● Information provided
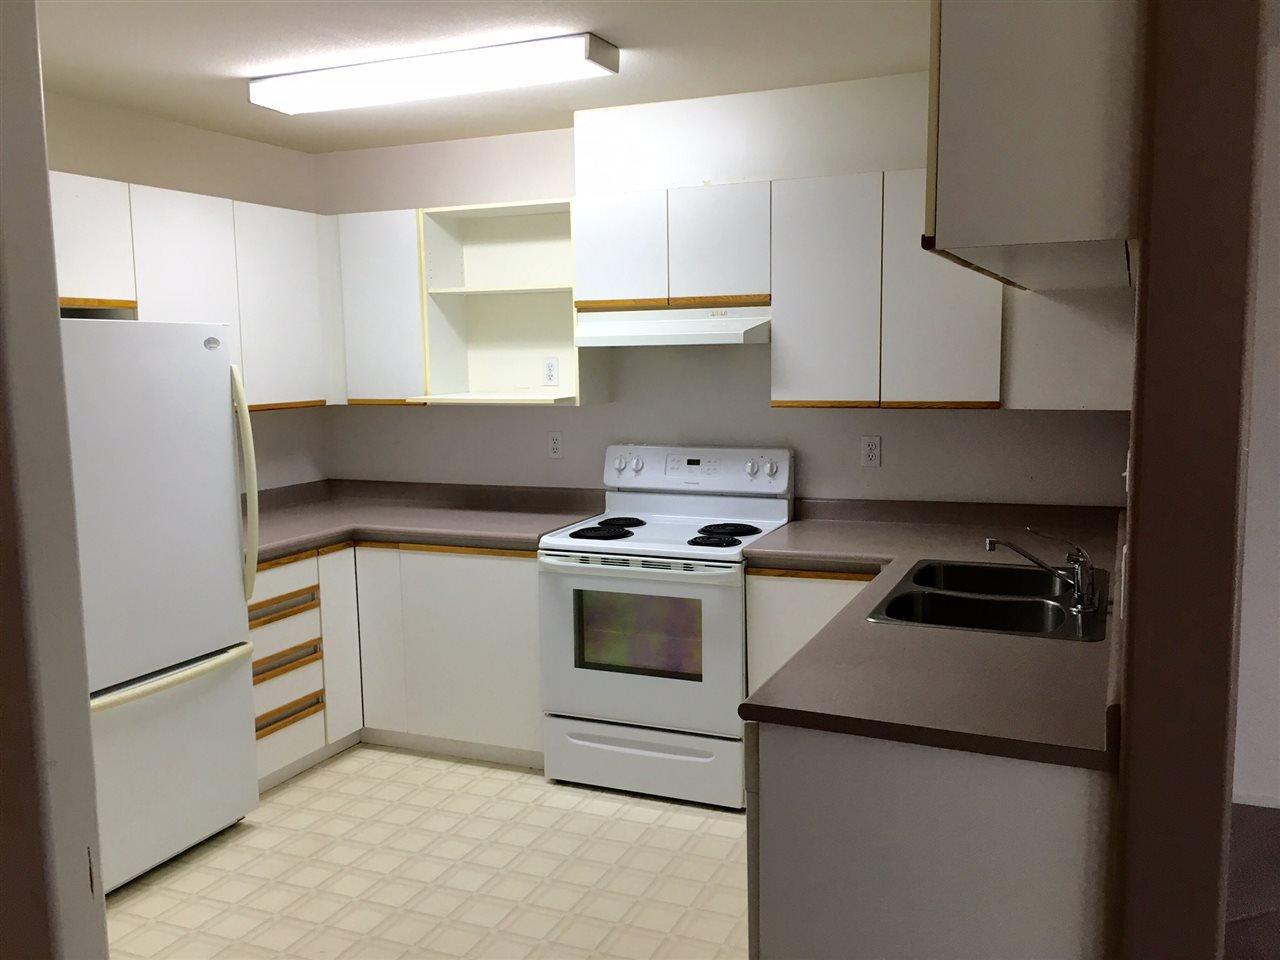 "Photo 3: Photos: 207 27358 32 Avenue in Langley: Aldergrove Langley Condo for sale in ""Willow Creek"" : MLS®# R2207746"
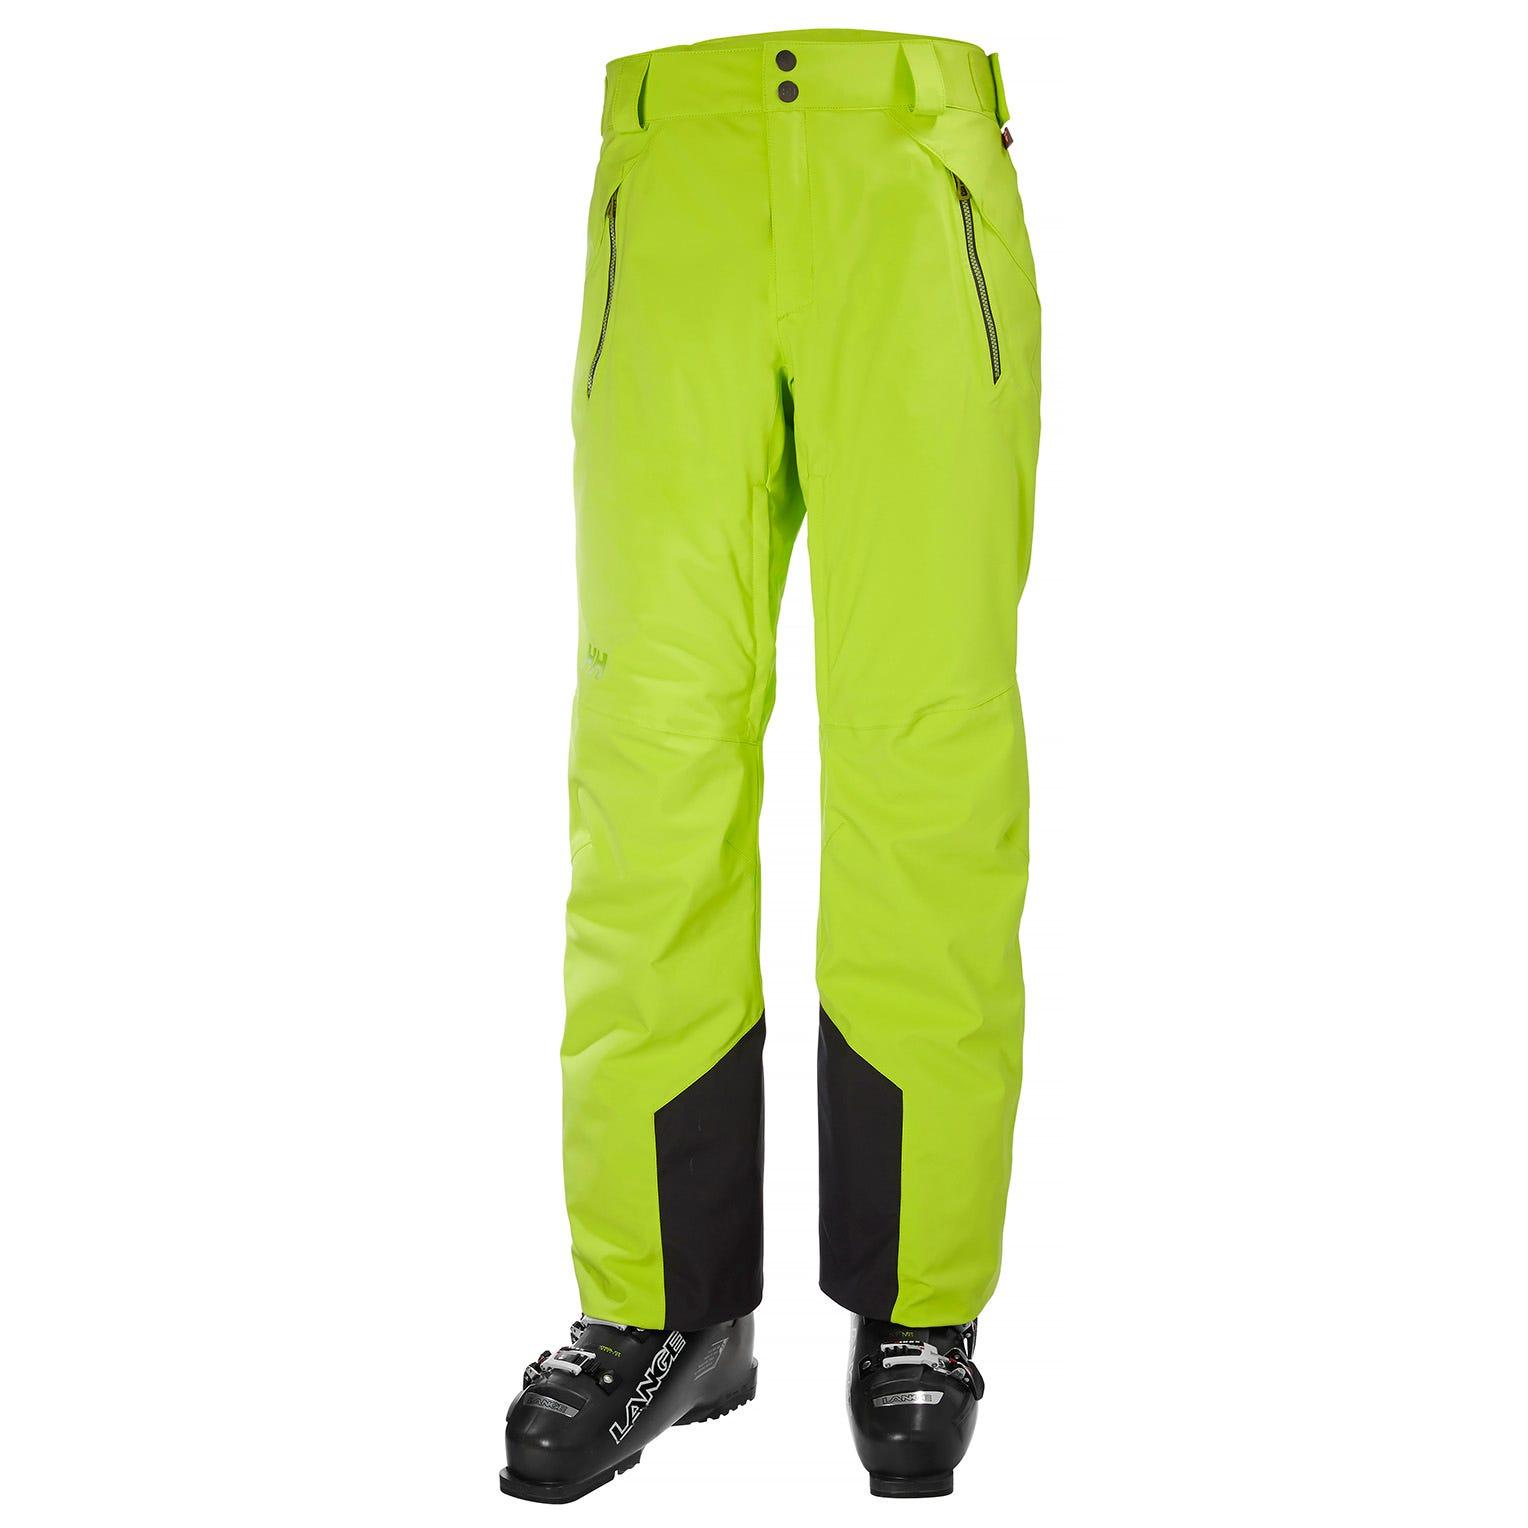 Helly Hansen Force Pant Mens Ski Yellow XL
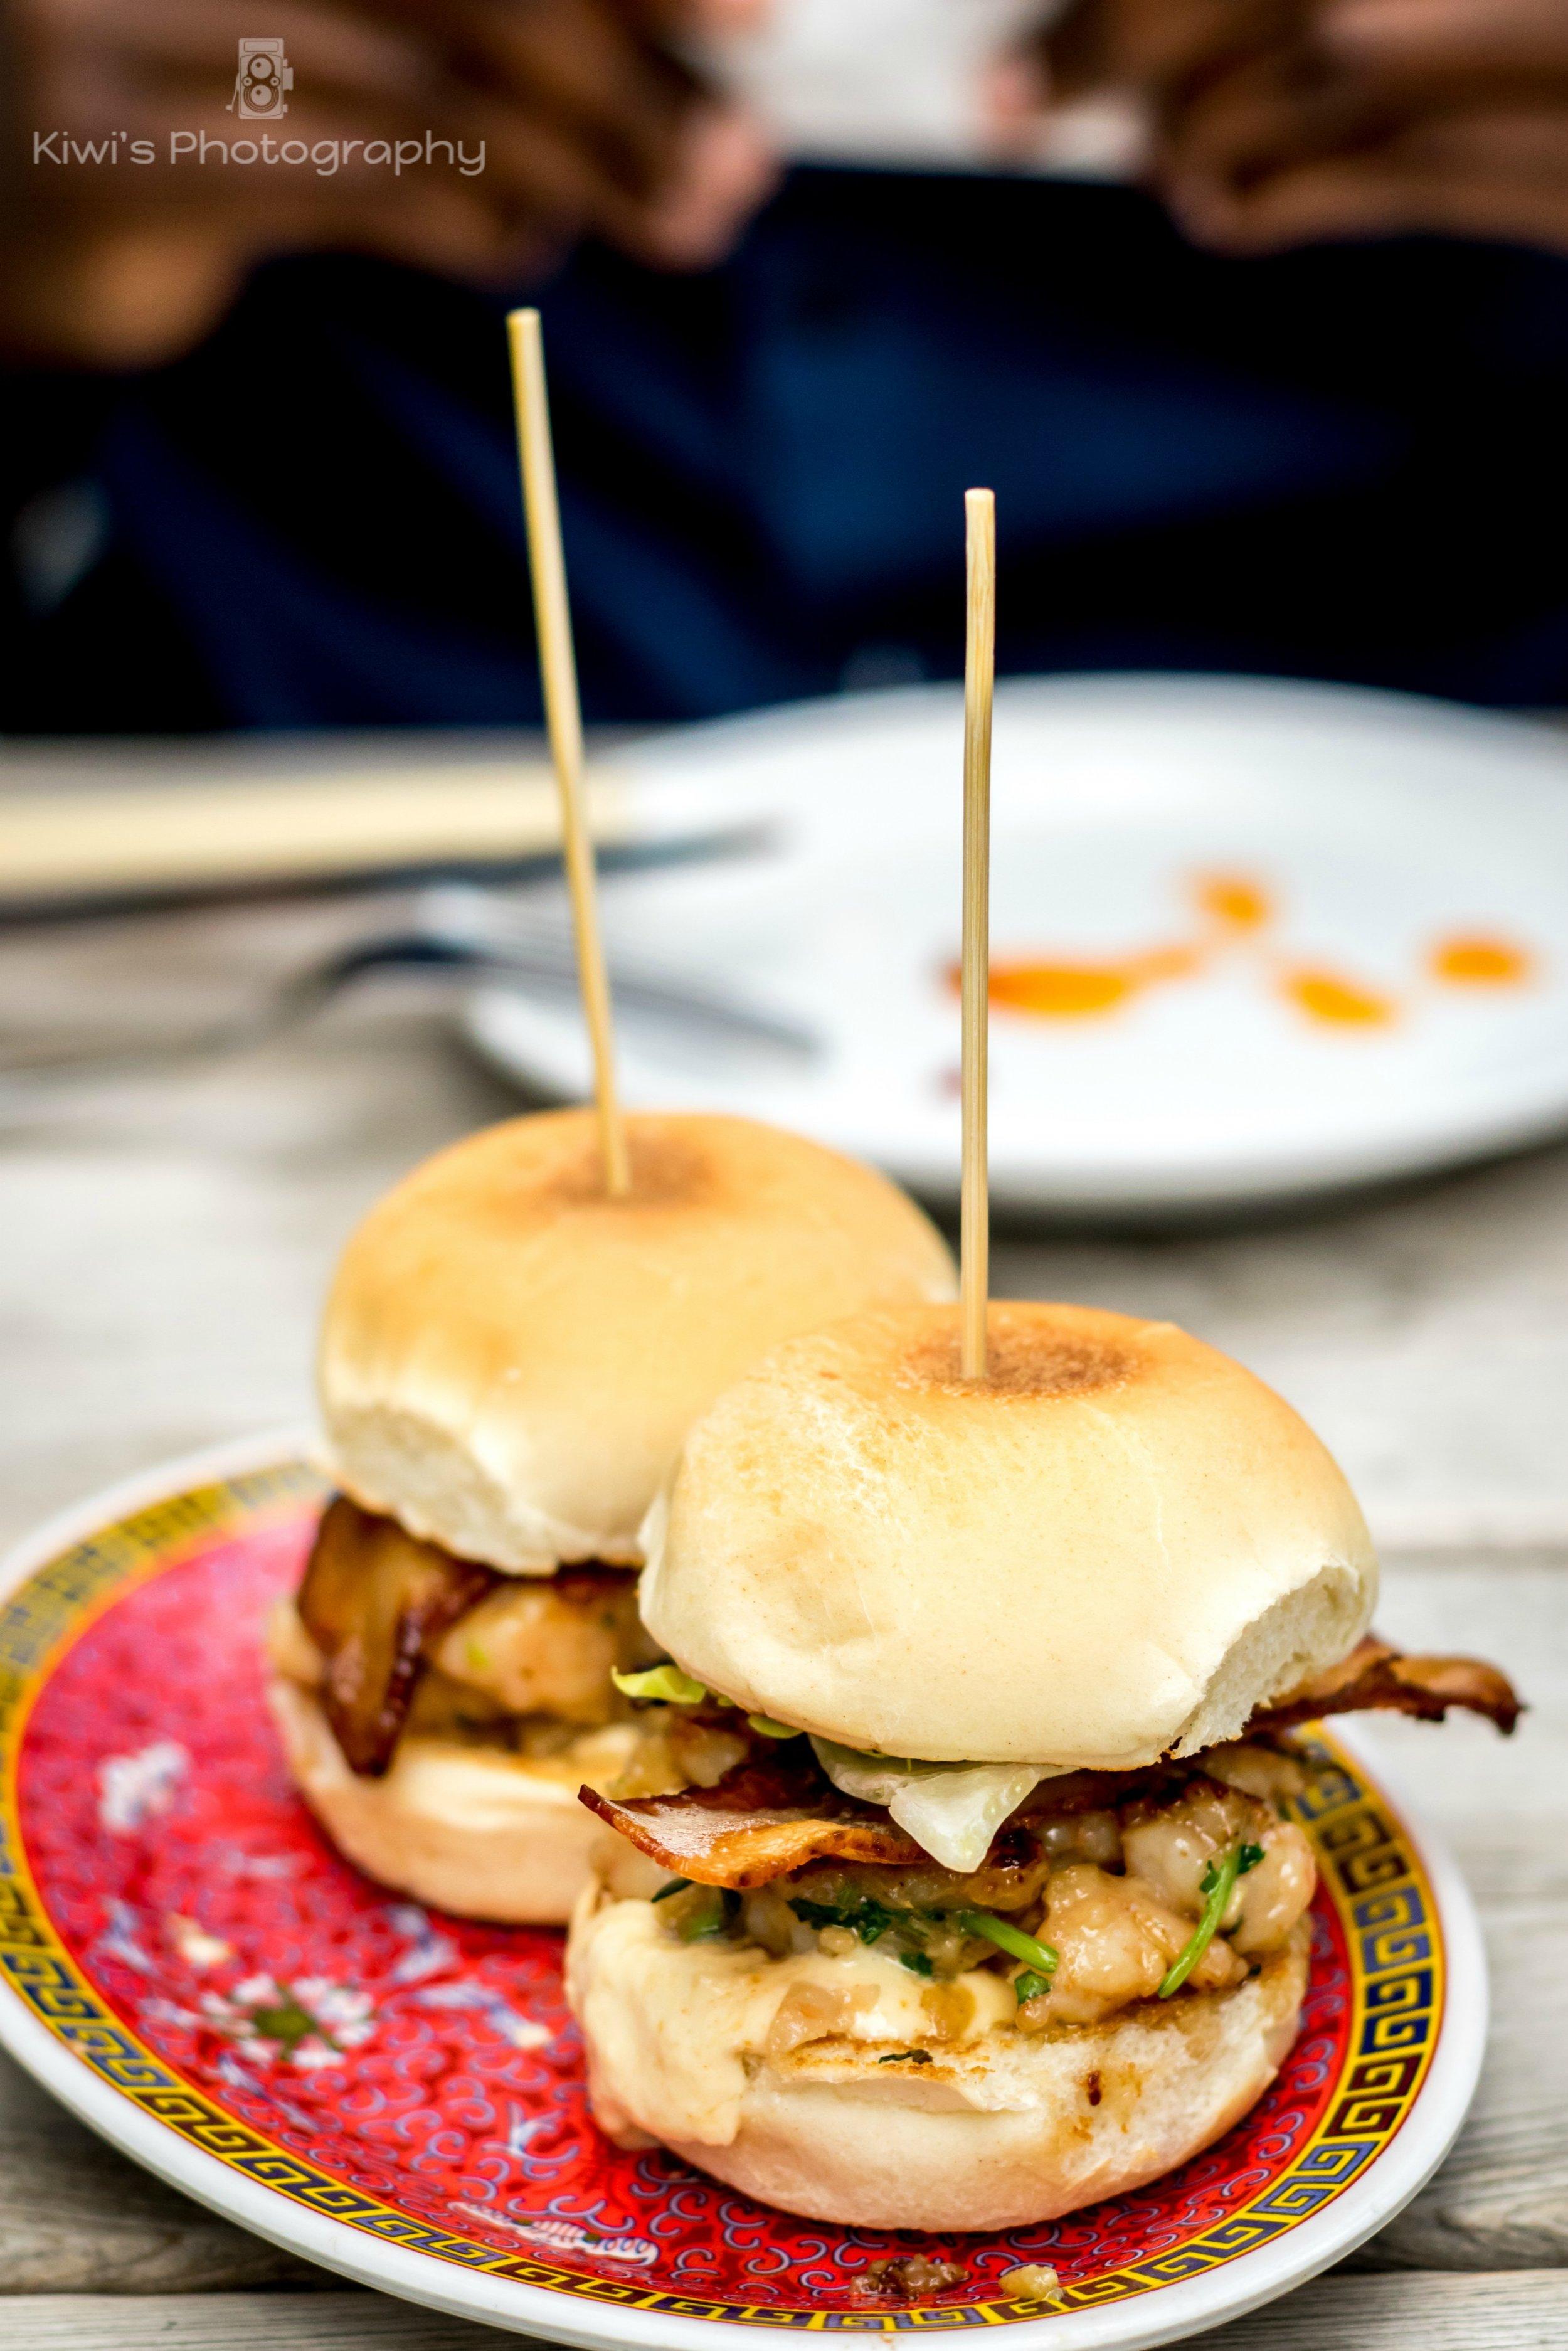 Datsun Ottawa - Shrimp Burgers with Bacon, Lettuce, Tasty Sauce & Toastie Bun

● Problem statement
Everything in the data above should be set down again exactly, except the pictures.

● Response to this exercise
 "Photo 3: Photos: 207 27358 32 Avenue in Langley: Aldergrove Langley Condo for sale in ""Willow Creek"" : MLS®# R2207746"
 Helly Hansen Force Pant Mens Ski Yellow XL
 Datsun Ottawa - Shrimp Burgers with Bacon, Lettuce, Tasty Sauce & Toastie Bun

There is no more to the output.